[Dataset entries Boundary: Start]

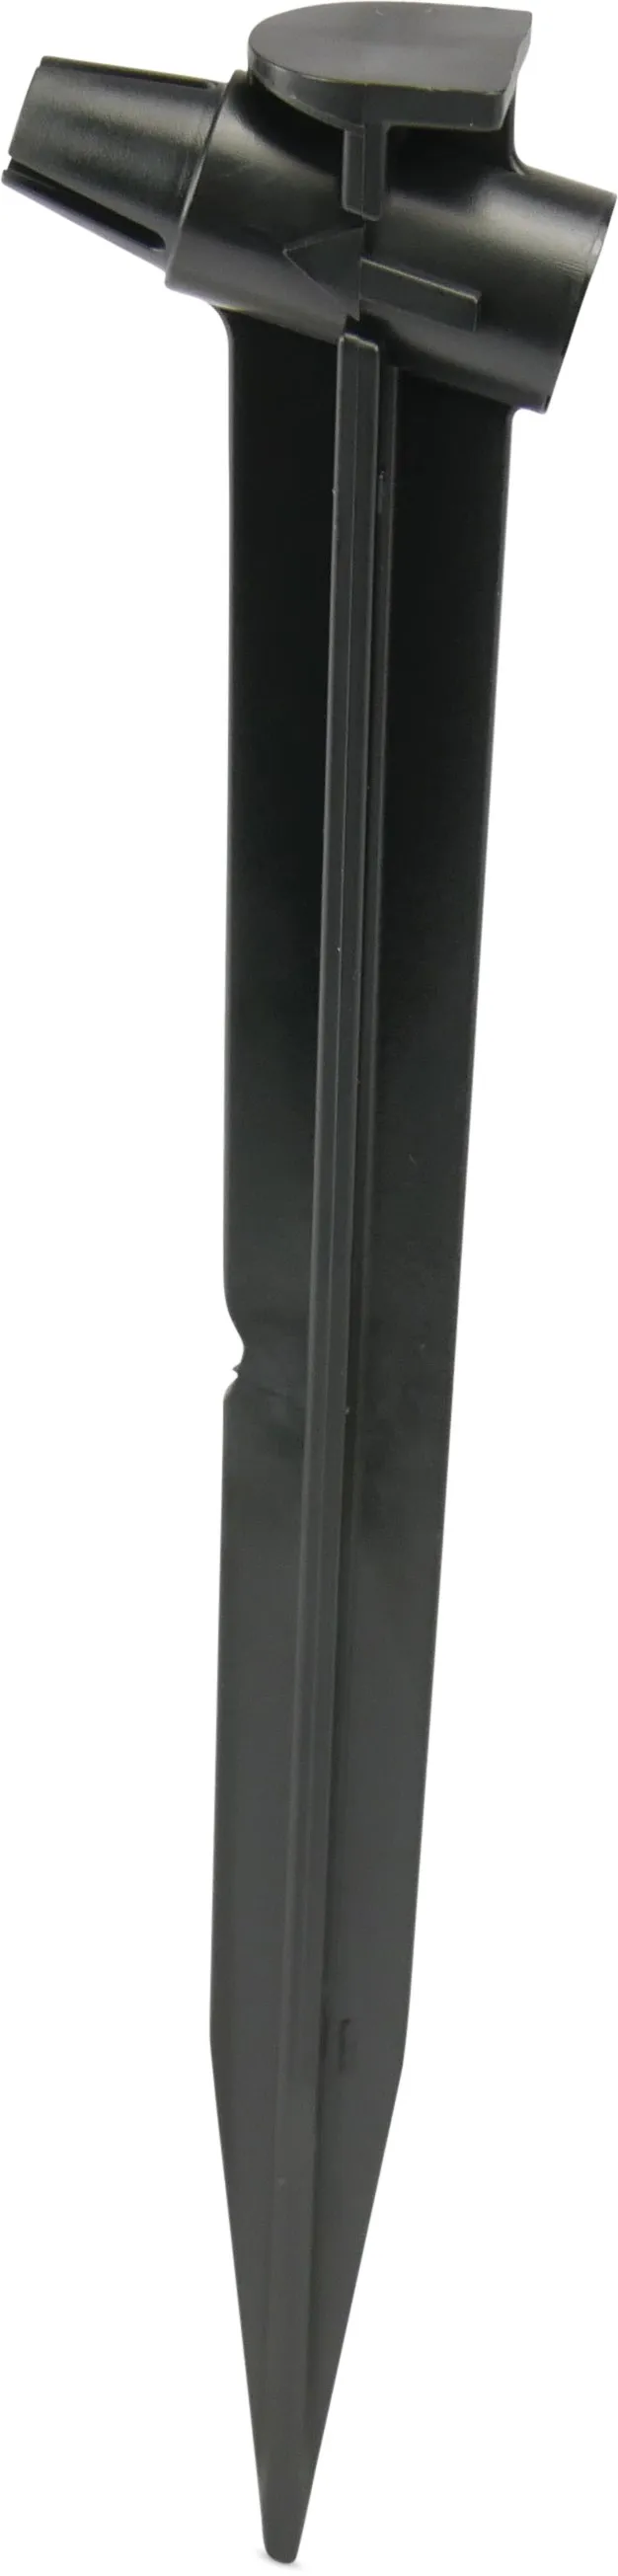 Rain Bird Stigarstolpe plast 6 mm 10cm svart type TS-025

[Dataset entries Boundary: End]
[Dataset entries Boundary: Start]

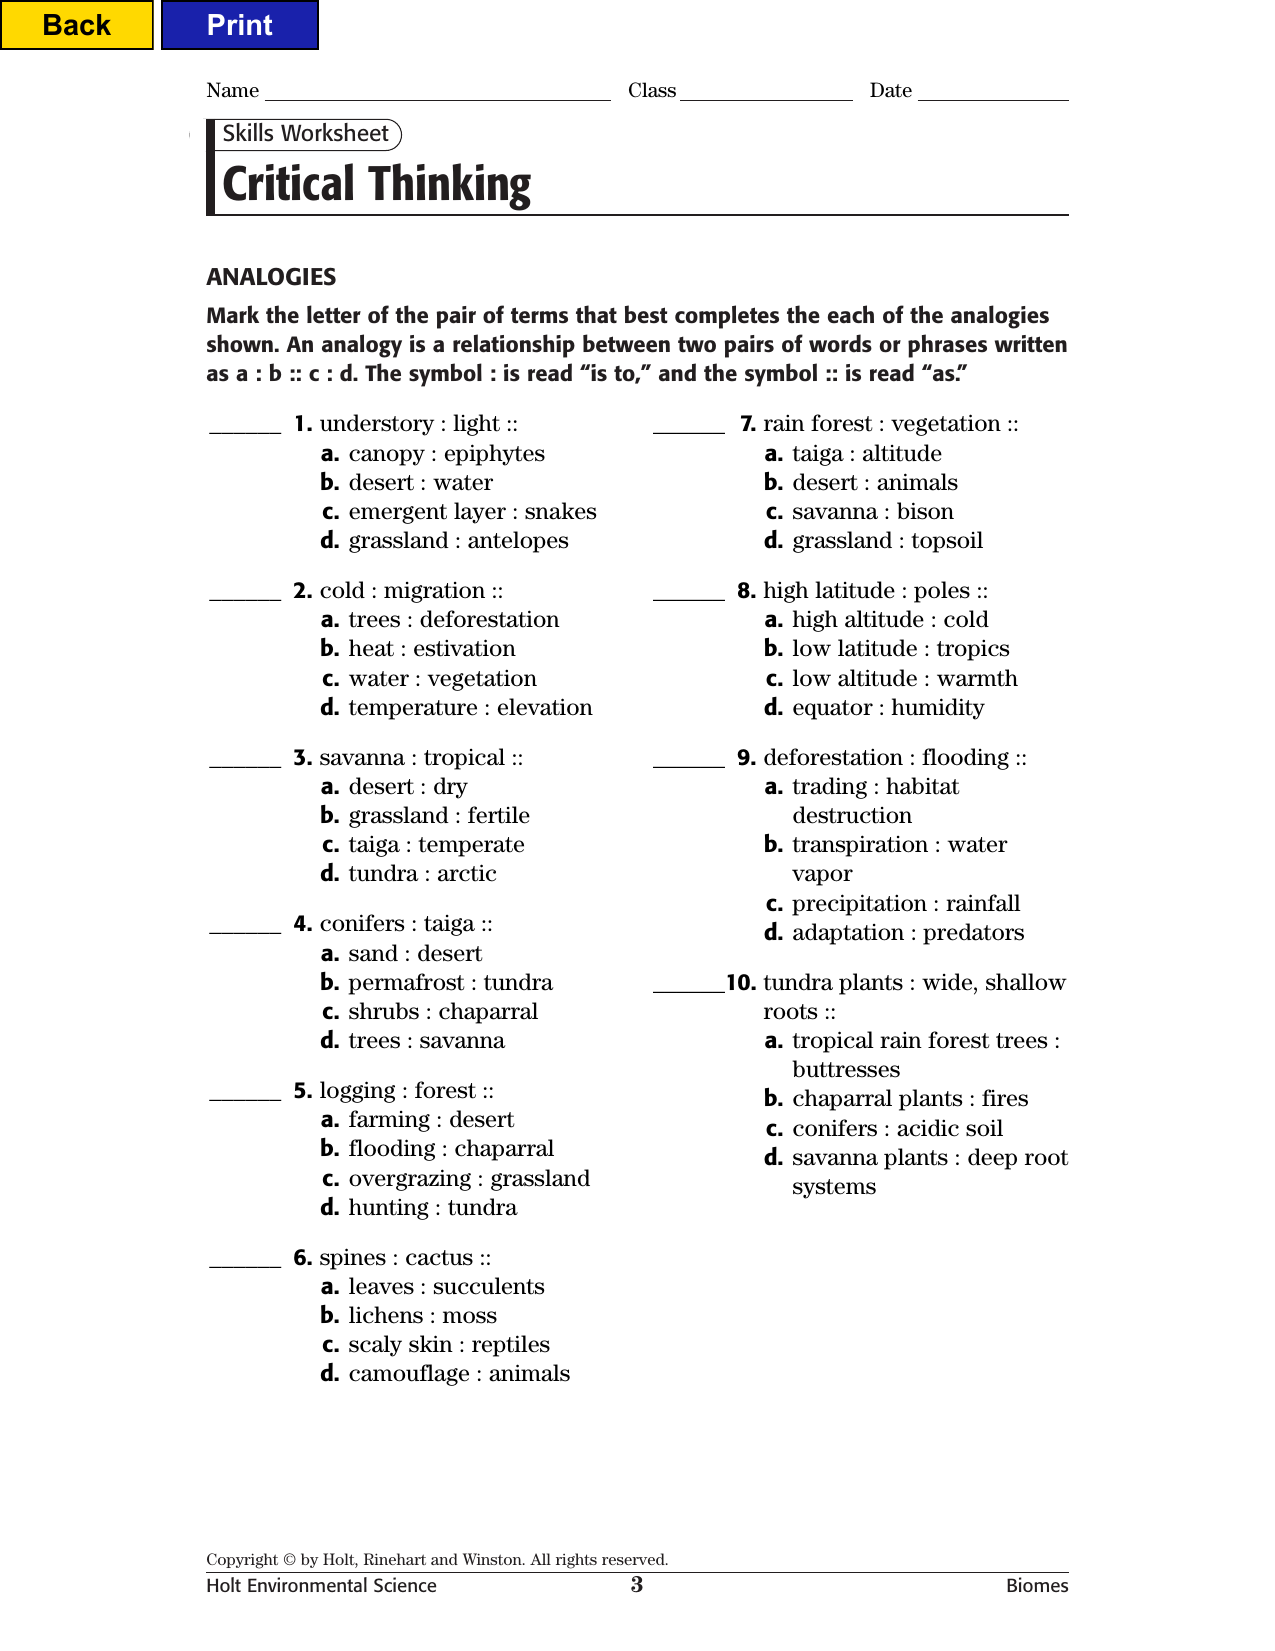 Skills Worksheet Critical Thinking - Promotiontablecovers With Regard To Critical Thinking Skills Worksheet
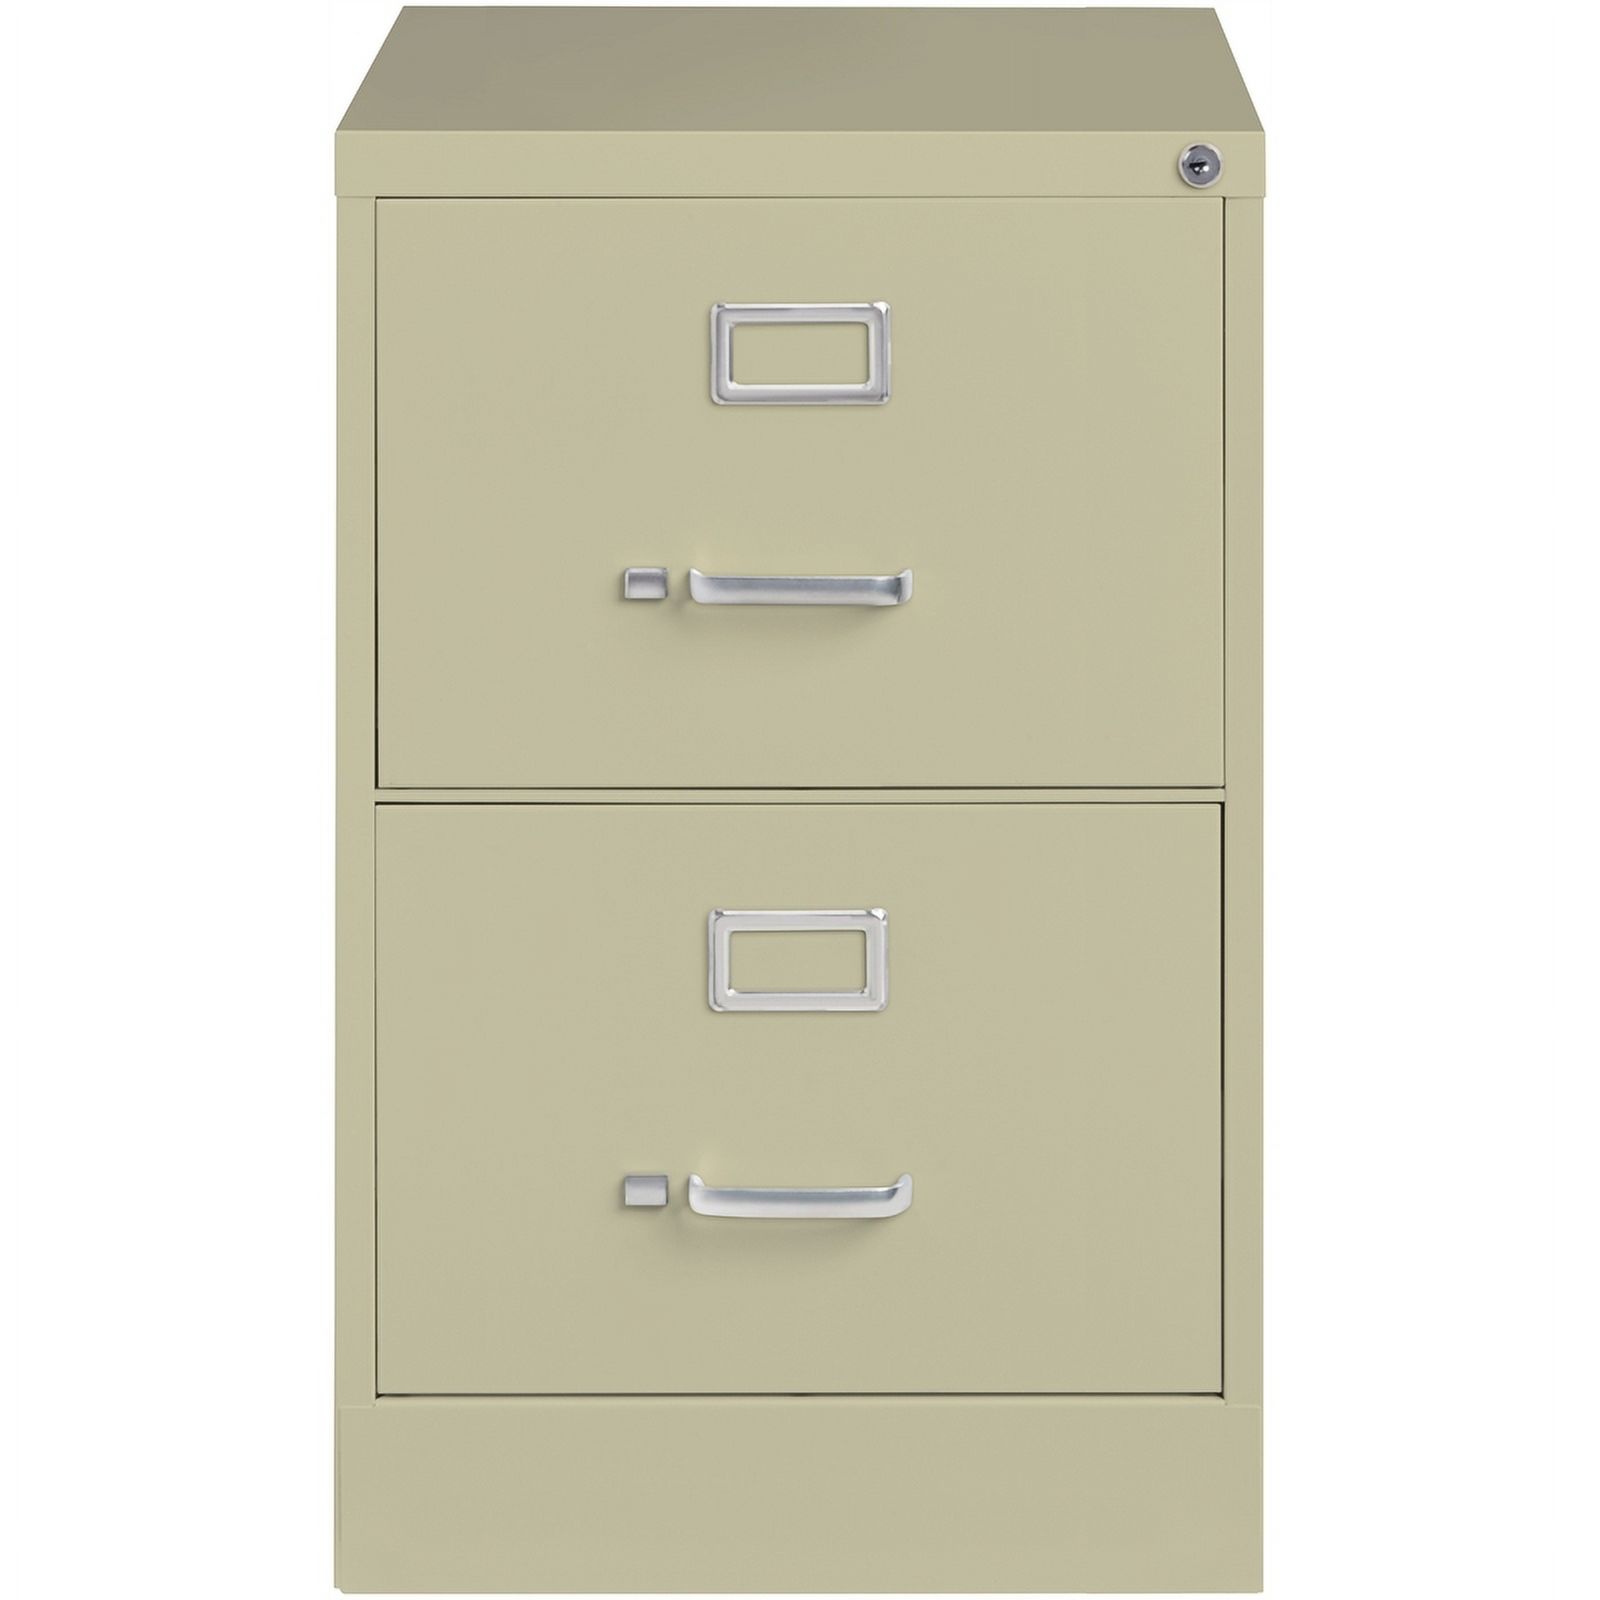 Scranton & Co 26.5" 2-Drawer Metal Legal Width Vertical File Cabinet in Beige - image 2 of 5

[Dataset entries Boundary: End]
[Dataset entries Boundary: Start]

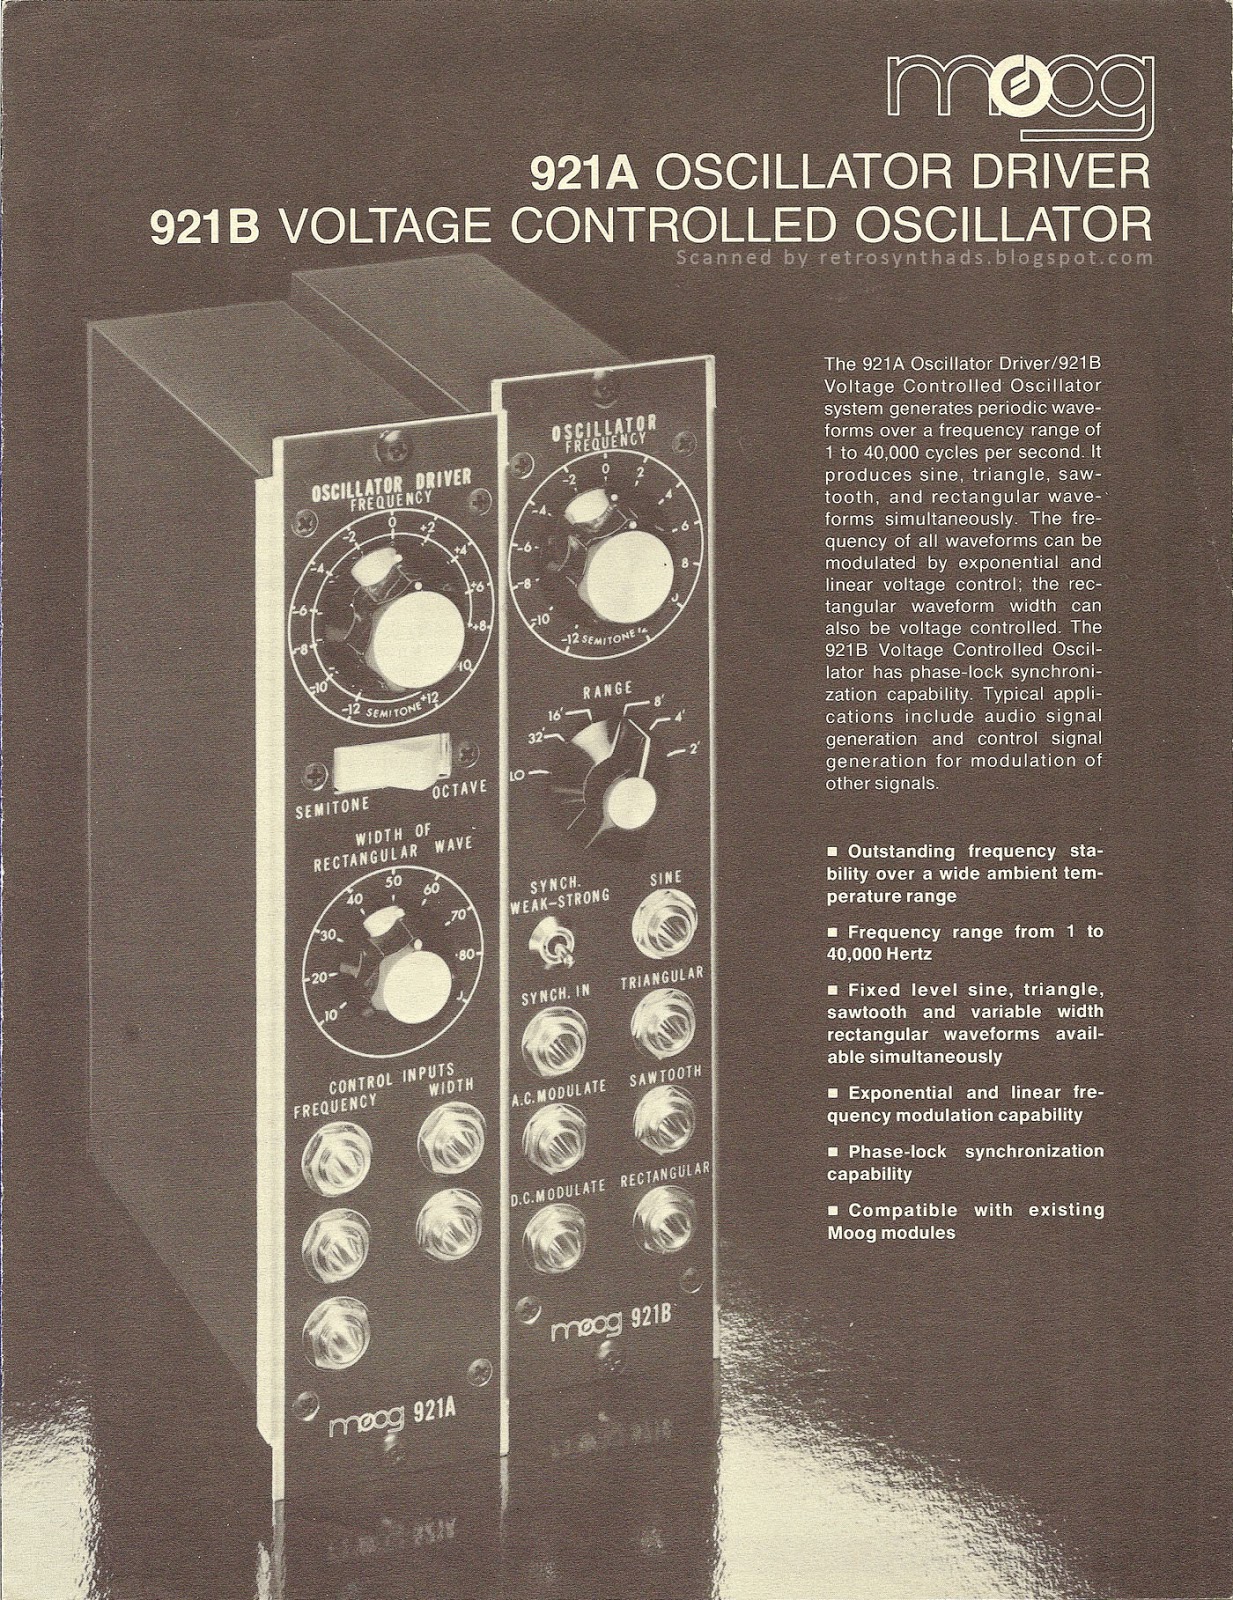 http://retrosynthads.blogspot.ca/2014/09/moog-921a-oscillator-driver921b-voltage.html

[Dataset entries Boundary: End]

### Work to be completed
Look above for the line containing "Skills Worksheet Critical" and the line containing "Scranton & Co", then reproduce both and everything between them exactly, pictures omitted.

### Response to the task
 Skills Worksheet Critical Thinking - Promotiontablecovers With Regard To Critical Thinking Skills Worksheet
 Scranton & Co 26.5" 2-Drawer Metal Legal Width Vertical File Cabinet in Beige - image 2 of 5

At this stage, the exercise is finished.